原来济公禅师由藏珍坞用八卦炉火烧死了神术士韩祺,吓得赤发灵官邵华风和一干群贼四散奔逃,道济和尚并不深为追赶。
降龙罗汉尊者再世灵隐寺圣僧道济猛然打了一个冷战,于是按下脑门灵光一算,早已经觉察明白,知道雷鸣、陈亮有难。
道济和尚心想:自己不能不管这两个好徒弟。于是道济和尚由藏珍坞这才顺大路径奔丹阳县而来。
这天,道济和尚走在海潮县地面,眼前流水,南北有一道桥。
道济和尚正走到这座镇店,旁边过来一个人说:“和尚你别走,我们这本地有一件奇怪的新闻事。”
道济和尚说:“出了什么奇怪的新闻事?”
这个人回答说:“我们这地方叫石佛镇,南村口外路北有一座石佛院,多年坍塌失修,也没有和尚老道。

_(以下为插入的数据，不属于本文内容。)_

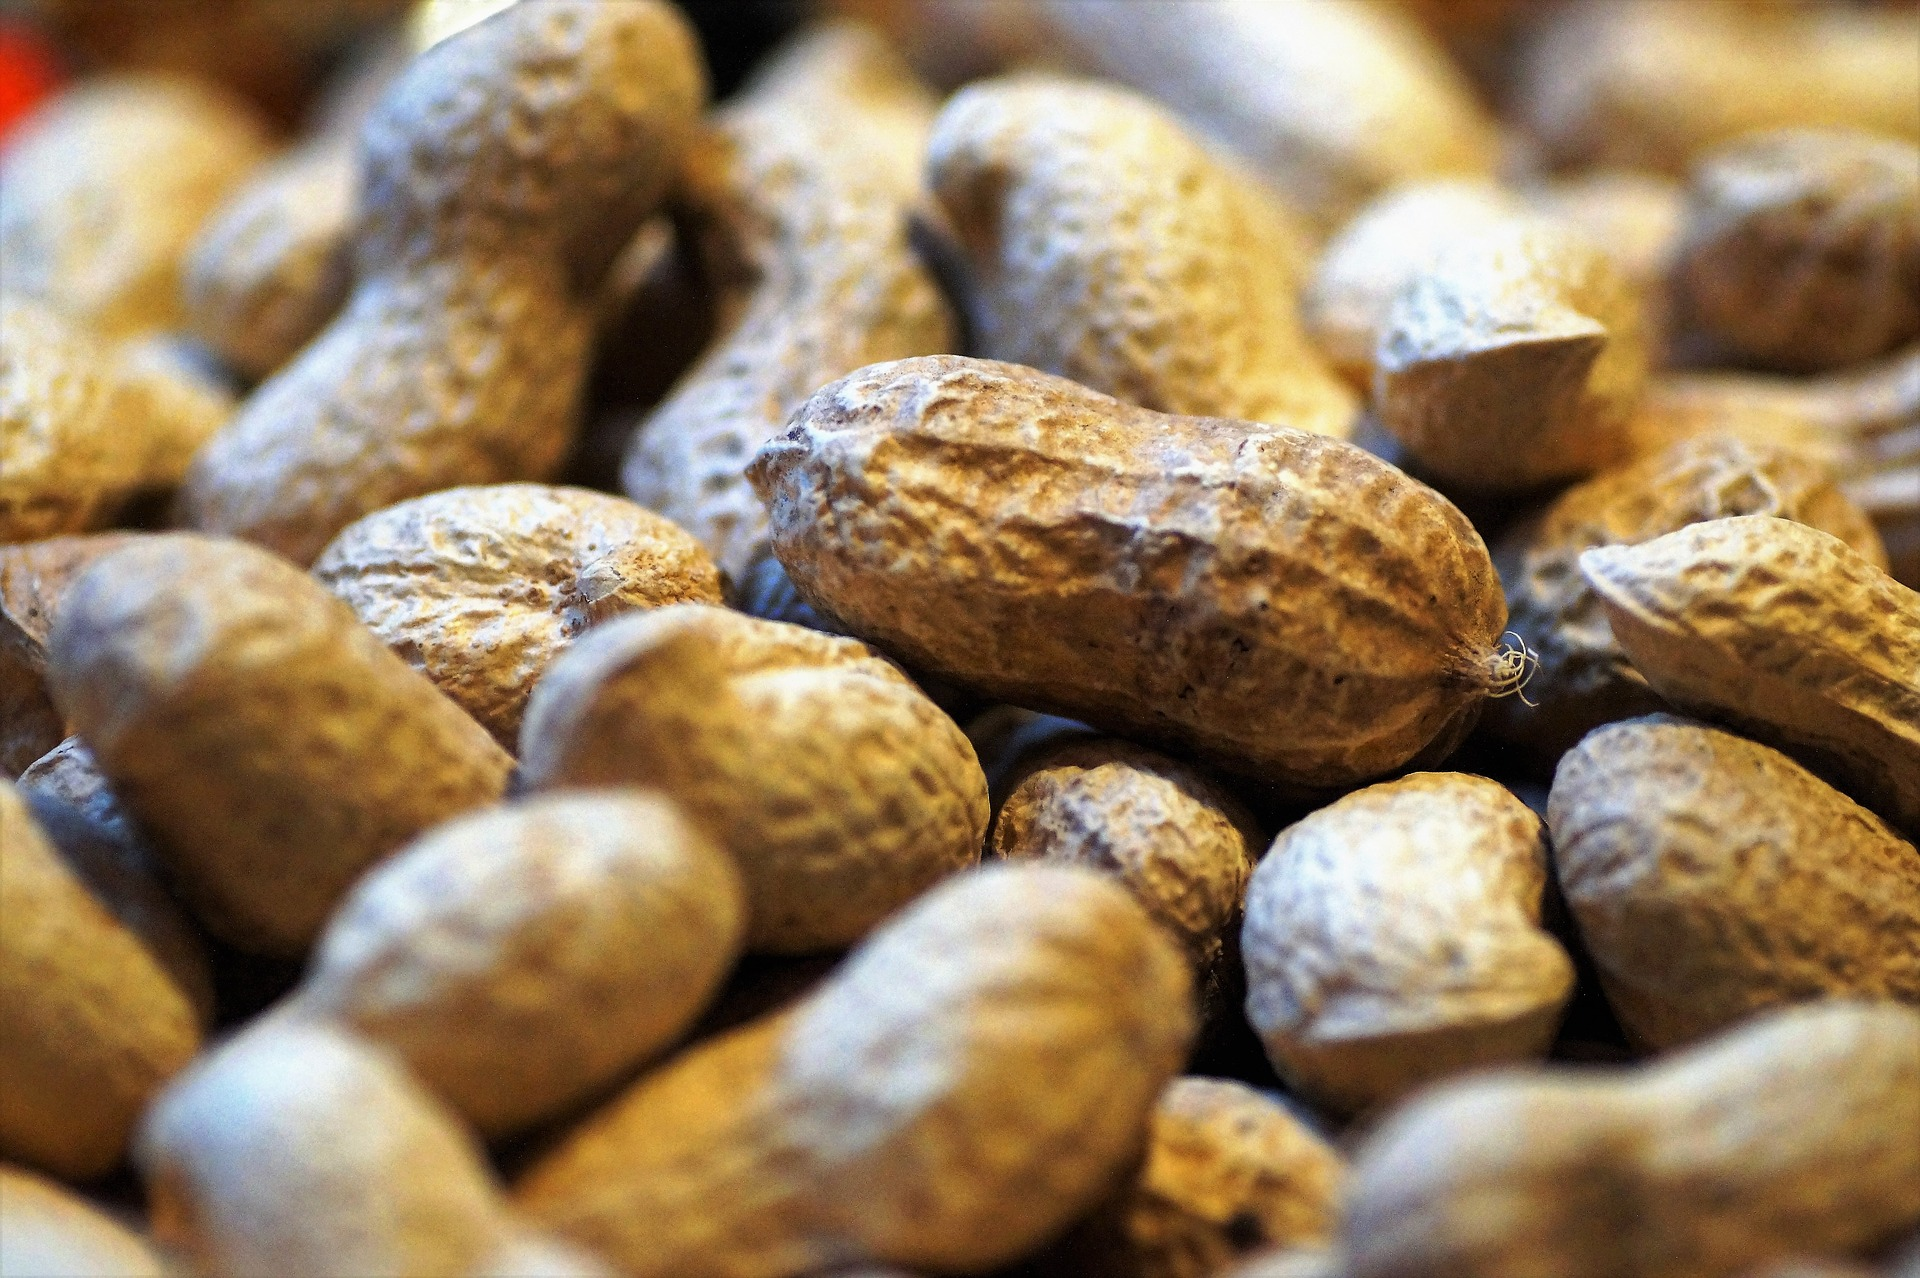 Unshelled Peanuts

头三天石佛显圣,石像由庙里自己出来,站在石桥上,过路人就得给钱,不论多少。
要不给钱,石佛就不叫过去,吓的人多了。
石像会化缘,你说这事新鲜不新鲜?
有和尚老道化缘,或钉钉或拉锁,没听见说石佛会化缘的!”
济公禅师一听,用手一按顶门灵光,早已明白,于是说:“那要是不给钱,硬是从桥上走那行不行呀?”
这个人说:“不行,多少总得给钱,要不然过不去。
现在我们村庄内众会首大众给石佛烧香许愿,帮助化缘修庙,求石佛别吓唬人。
给佛脖子上挂着一个黄口袋,上写募化十方,
在桥上搁着一个大笸萝,过路人走在那里,就得摔钱。这三天见了钱不少了,不信你瞧瞧去。”
道济和尚迈步往前走,来到南村口一看,果然看见南北一道桥,桥上站着一位大石佛。
道济和尚眼见着村口路东有一座酒馆,走过去。
道济和尚进去这个酒馆里要酒要菜,自斟自饮,就听酒饭座大家谈论这件事。
道济和尚吃完了一算帐,伙计说:“二百六十钱。”
道济和尚说:“给我写上吧。”
伙计说:“不行,柜上没帐。”
和尚说:“不写帐,跟我拿去。”
伙计说:“上哪拿去?”
道济和尚说:“到大桥上石佛跟前那大笸箩里拿去。”
伙计一听,连忙说:“那可不敢。我们本地有不信服的人,过去抓钱,立时就有灵验,不是脑袋痛,站不起来;
再不然就是一弯腰,腰直不起来。”
道济和尚说:“我拿钱你瞧着。”
伙计说:“就是,我就跟你去。”
道济和尚走出了酒馆,来到大桥上,伸手由笸箩抓了钱,数了二百六十钱,给了酒铺伙计。
大众看见道济和尚也没怎么样。
众人纷纷感到疑惑不解,说:“真怪,别人要一抓钱,立刻就报应。石佛化缘给和尚化,也不显应了。这倒不错。”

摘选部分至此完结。